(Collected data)
>>>

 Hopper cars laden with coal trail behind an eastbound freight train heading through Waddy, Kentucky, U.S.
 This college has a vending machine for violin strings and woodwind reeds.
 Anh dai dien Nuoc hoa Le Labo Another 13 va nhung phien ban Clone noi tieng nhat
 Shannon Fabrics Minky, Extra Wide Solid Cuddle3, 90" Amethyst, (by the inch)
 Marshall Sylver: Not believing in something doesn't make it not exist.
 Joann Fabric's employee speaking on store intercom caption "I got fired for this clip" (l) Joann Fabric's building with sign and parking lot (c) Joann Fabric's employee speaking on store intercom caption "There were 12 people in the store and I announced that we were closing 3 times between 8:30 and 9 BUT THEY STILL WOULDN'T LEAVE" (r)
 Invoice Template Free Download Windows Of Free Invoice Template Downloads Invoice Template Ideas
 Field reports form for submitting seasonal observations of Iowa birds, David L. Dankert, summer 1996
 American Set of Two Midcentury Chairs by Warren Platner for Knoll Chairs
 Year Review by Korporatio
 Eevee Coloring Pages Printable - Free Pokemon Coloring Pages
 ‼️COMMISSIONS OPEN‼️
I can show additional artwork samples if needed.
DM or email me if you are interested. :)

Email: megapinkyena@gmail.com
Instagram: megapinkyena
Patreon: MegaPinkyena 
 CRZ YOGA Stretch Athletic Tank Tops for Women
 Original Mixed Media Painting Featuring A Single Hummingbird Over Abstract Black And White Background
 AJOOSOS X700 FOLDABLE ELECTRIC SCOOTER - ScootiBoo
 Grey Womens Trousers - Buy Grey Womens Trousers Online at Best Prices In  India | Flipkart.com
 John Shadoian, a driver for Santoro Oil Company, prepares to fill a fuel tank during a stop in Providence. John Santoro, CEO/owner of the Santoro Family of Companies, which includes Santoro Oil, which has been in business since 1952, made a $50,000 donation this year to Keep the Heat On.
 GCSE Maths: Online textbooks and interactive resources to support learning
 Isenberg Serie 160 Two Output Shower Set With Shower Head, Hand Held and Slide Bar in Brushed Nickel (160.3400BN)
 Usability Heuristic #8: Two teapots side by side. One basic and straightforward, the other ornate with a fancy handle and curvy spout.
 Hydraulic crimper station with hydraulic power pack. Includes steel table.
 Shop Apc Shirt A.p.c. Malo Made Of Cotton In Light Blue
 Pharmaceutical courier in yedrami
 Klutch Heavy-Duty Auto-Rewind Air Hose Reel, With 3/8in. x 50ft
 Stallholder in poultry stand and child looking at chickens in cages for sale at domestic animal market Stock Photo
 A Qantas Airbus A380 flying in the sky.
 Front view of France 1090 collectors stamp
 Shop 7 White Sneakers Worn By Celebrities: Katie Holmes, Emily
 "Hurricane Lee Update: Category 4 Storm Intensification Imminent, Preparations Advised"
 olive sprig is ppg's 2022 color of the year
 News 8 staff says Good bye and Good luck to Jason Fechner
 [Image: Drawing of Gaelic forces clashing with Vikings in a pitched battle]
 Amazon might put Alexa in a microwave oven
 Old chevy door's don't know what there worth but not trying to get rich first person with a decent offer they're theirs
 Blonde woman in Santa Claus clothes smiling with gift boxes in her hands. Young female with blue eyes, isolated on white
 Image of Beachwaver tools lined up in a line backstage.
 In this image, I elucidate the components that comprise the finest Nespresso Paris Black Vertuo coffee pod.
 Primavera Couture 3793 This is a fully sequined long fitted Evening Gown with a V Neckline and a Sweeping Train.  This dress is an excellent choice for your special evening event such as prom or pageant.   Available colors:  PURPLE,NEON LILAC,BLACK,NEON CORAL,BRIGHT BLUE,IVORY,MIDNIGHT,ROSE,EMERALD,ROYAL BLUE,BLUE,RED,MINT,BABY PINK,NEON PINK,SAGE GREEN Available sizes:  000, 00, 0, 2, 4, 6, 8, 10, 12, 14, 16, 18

<<<

## YOUR TASK:
Produce the entries above once more, identical in every detail.

## EXERCISE SOLUTION:
 Hopper cars laden with coal trail behind an eastbound freight train heading through Waddy, Kentucky, U.S.
 This college has a vending machine for violin strings and woodwind reeds.
 Anh dai dien Nuoc hoa Le Labo Another 13 va nhung phien ban Clone noi tieng nhat
 Shannon Fabrics Minky, Extra Wide Solid Cuddle3, 90" Amethyst, (by the inch)
 Marshall Sylver: Not believing in something doesn't make it not exist.
 Joann Fabric's employee speaking on store intercom caption "I got fired for this clip" (l) Joann Fabric's building with sign and parking lot (c) Joann Fabric's employee speaking on store intercom caption "There were 12 people in the store and I announced that we were closing 3 times between 8:30 and 9 BUT THEY STILL WOULDN'T LEAVE" (r)
 Invoice Template Free Download Windows Of Free Invoice Template Downloads Invoice Template Ideas
 Field reports form for submitting seasonal observations of Iowa birds, David L. Dankert, summer 1996
 American Set of Two Midcentury Chairs by Warren Platner for Knoll Chairs
 Year Review by Korporatio
 Eevee Coloring Pages Printable - Free Pokemon Coloring Pages
 ‼️COMMISSIONS OPEN‼️
I can show additional artwork samples if needed.
DM or email me if you are interested. :)

Email: megapinkyena@gmail.com
Instagram: megapinkyena
Patreon: MegaPinkyena 
 CRZ YOGA Stretch Athletic Tank Tops for Women
 Original Mixed Media Painting Featuring A Single Hummingbird Over Abstract Black And White Background
 AJOOSOS X700 FOLDABLE ELECTRIC SCOOTER - ScootiBoo
 Grey Womens Trousers - Buy Grey Womens Trousers Online at Best Prices In  India | Flipkart.com
 John Shadoian, a driver for Santoro Oil Company, prepares to fill a fuel tank during a stop in Providence. John Santoro, CEO/owner of the Santoro Family of Companies, which includes Santoro Oil, which has been in business since 1952, made a $50,000 donation this year to Keep the Heat On.
 GCSE Maths: Online textbooks and interactive resources to support learning
 Isenberg Serie 160 Two Output Shower Set With Shower Head, Hand Held and Slide Bar in Brushed Nickel (160.3400BN)
 Usability Heuristic #8: Two teapots side by side. One basic and straightforward, the other ornate with a fancy handle and curvy spout.
 Hydraulic crimper station with hydraulic power pack. Includes steel table.
 Shop Apc Shirt A.p.c. Malo Made Of Cotton In Light Blue
 Pharmaceutical courier in yedrami
 Klutch Heavy-Duty Auto-Rewind Air Hose Reel, With 3/8in. x 50ft
 Stallholder in poultry stand and child looking at chickens in cages for sale at domestic animal market Stock Photo
 A Qantas Airbus A380 flying in the sky.
 Front view of France 1090 collectors stamp
 Shop 7 White Sneakers Worn By Celebrities: Katie Holmes, Emily
 "Hurricane Lee Update: Category 4 Storm Intensification Imminent, Preparations Advised"
 olive sprig is ppg's 2022 color of the year
 News 8 staff says Good bye and Good luck to Jason Fechner
 [Image: Drawing of Gaelic forces clashing with Vikings in a pitched battle]
 Amazon might put Alexa in a microwave oven
 Old chevy door's don't know what there worth but not trying to get rich first person with a decent offer they're theirs
 Blonde woman in Santa Claus clothes smiling with gift boxes in her hands. Young female with blue eyes, isolated on white
 Image of Beachwaver tools lined up in a line backstage.
 In this image, I elucidate the components that comprise the finest Nespresso Paris Black Vertuo coffee pod.
 Primavera Couture 3793 This is a fully sequined long fitted Evening Gown with a V Neckline and a Sweeping Train.  This dress is an excellent choice for your special evening event such as prom or pageant.   Available colors:  PURPLE,NEON LILAC,BLACK,NEON CORAL,BRIGHT BLUE,IVORY,MIDNIGHT,ROSE,EMERALD,ROYAL BLUE,BLUE,RED,MINT,BABY PINK,NEON PINK,SAGE GREEN Available sizes:  000, 00, 0, 2, 4, 6, 8, 10, 12, 14, 16, 18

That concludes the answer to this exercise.